- Born: Steven Lovelady July 2, 1943 Morganfield, Kentucky, U.S.
- Died: January 15, 2010 (aged 66) Key West, Florida, U.S.
- Education: University of Missouri
- Occupation: Journalist
- Spouse(s): Linda R. Higgins Ann
- Children: 2

= Steve Lovelady =

American journalist (1943–2010)

Steven Lovelady (July 2, 1943 - January 15, 2010) was an American journalist.

==Early life==
Born in Morganfield, Kentucky, Lovelady was raised in Worland, Wyoming, where he delivered newspapers. He earned his journalism degree from the University of Missouri.

==Career==
Early in his career, he first worked as a reporter for The Wall Street Journal then ended as an editor of front-page articles, before being hired in 1972 by Gene Roberts to work for The Philadelphia Inquirer, where he spent 23 years as the associate editor then working his way up to managing editor. He joined Time Inc. in 1996 as "editor at large", a title and role created specifically for him by Norman Pearlstine.

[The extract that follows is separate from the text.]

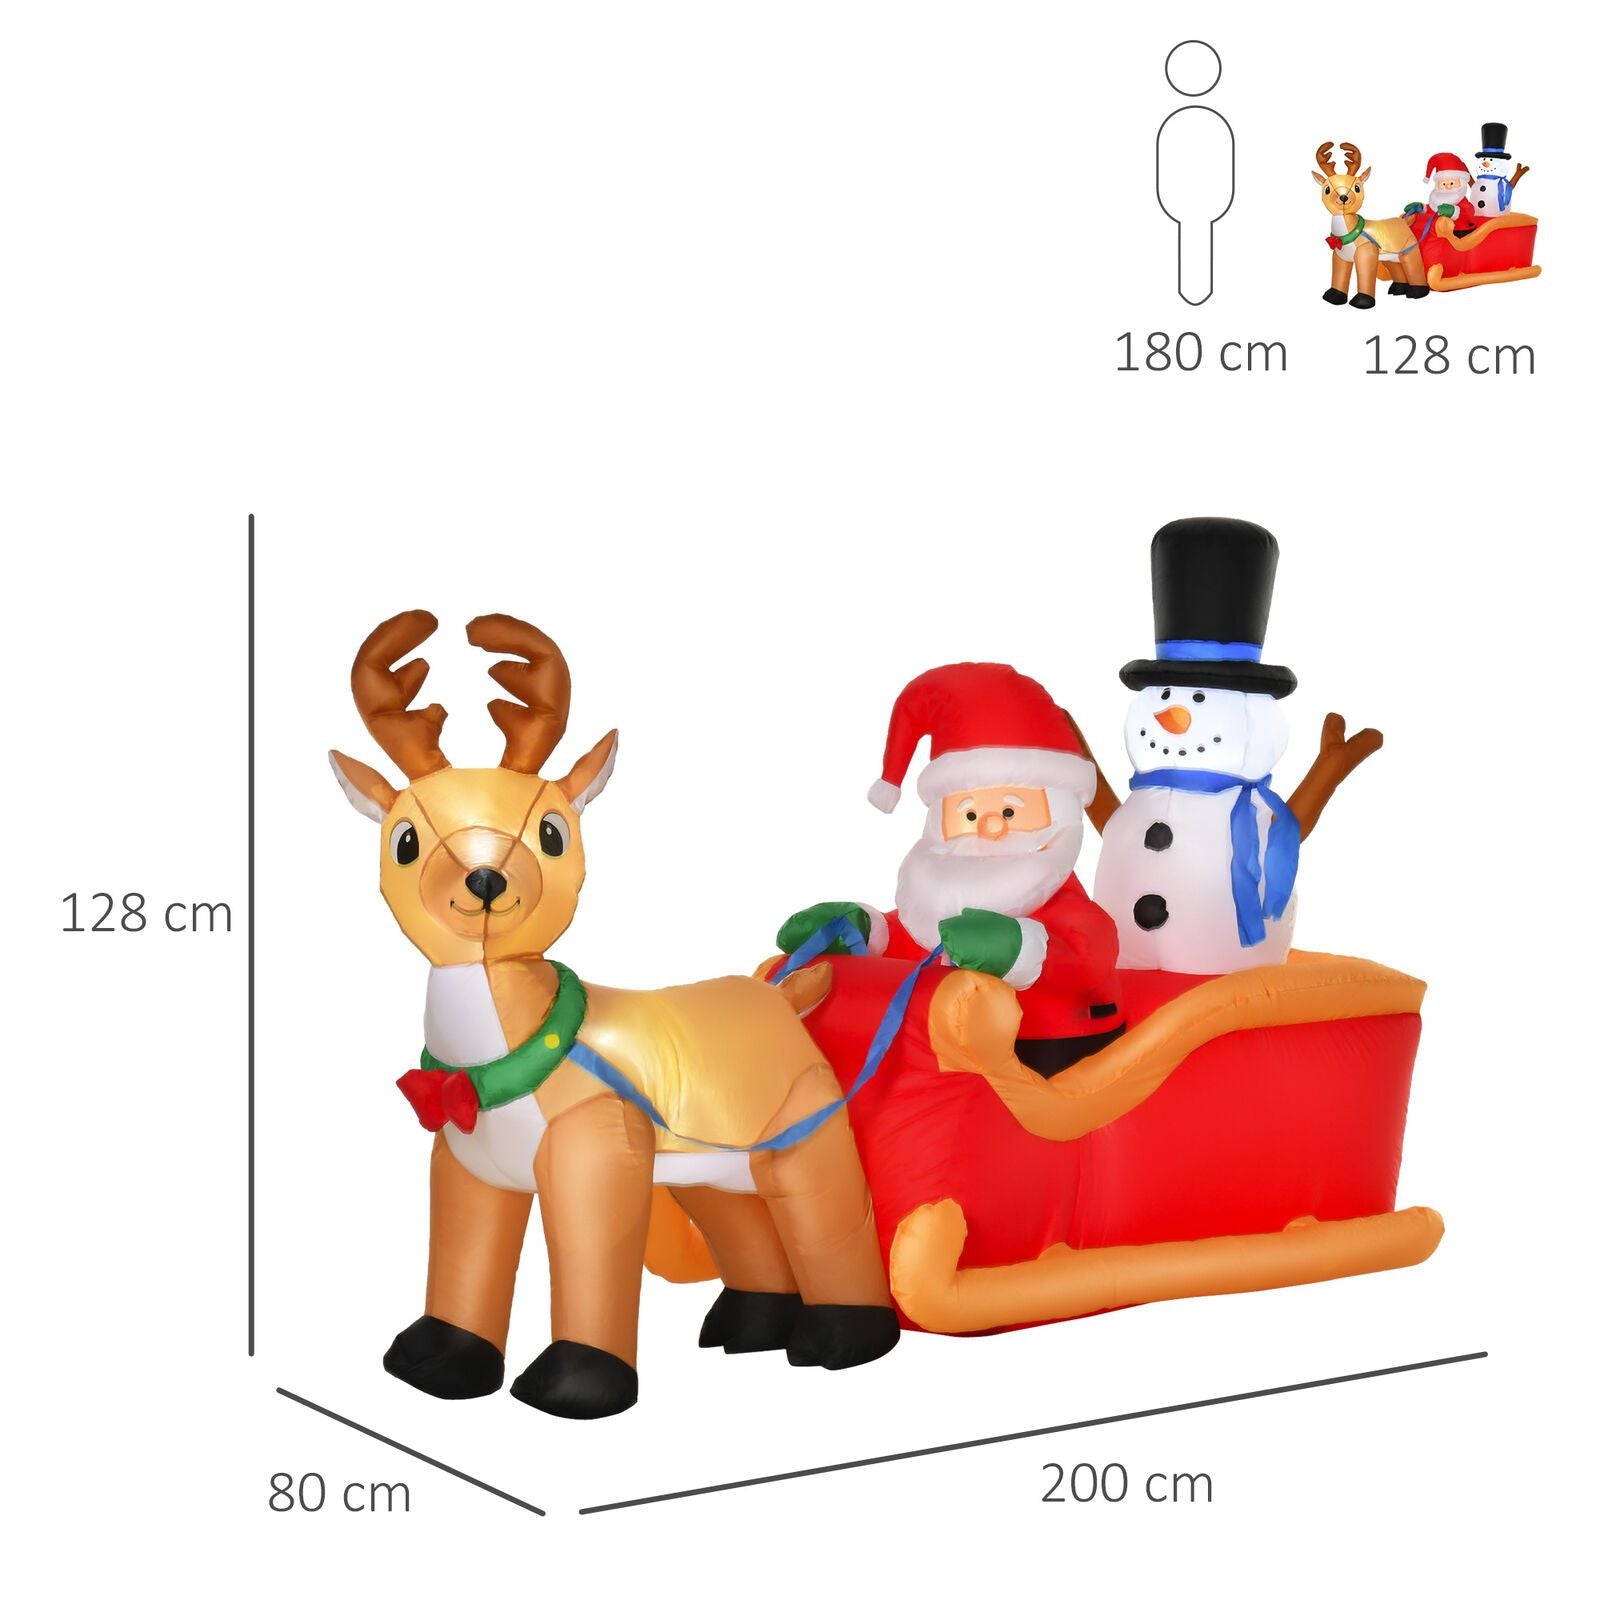 Aufblasbarer Weihnachtsmann mit Schneemann auf Schlitten, 128 cm mit LED-Beleuchtung. Weihnachten Deko Luftfigur

Lovelady left Time Inc. in 2004 and began working at Campaign Desk, a Columbia Journalism Review Web site.

==Awards==
- Two Pulitzer prizes for his investigative work for The Inquirer

==Family==
Lovelady was married to his wife Ann, a former editor of The New York Times. In his first marriage he was married to Linda R. Higgins, and together they had two daughters, Sara and Stephanie, and three grandchildren.

==Death==
Lovelady died of throat cancer on January 15, 2010, in Key West, Florida, at the age of 66.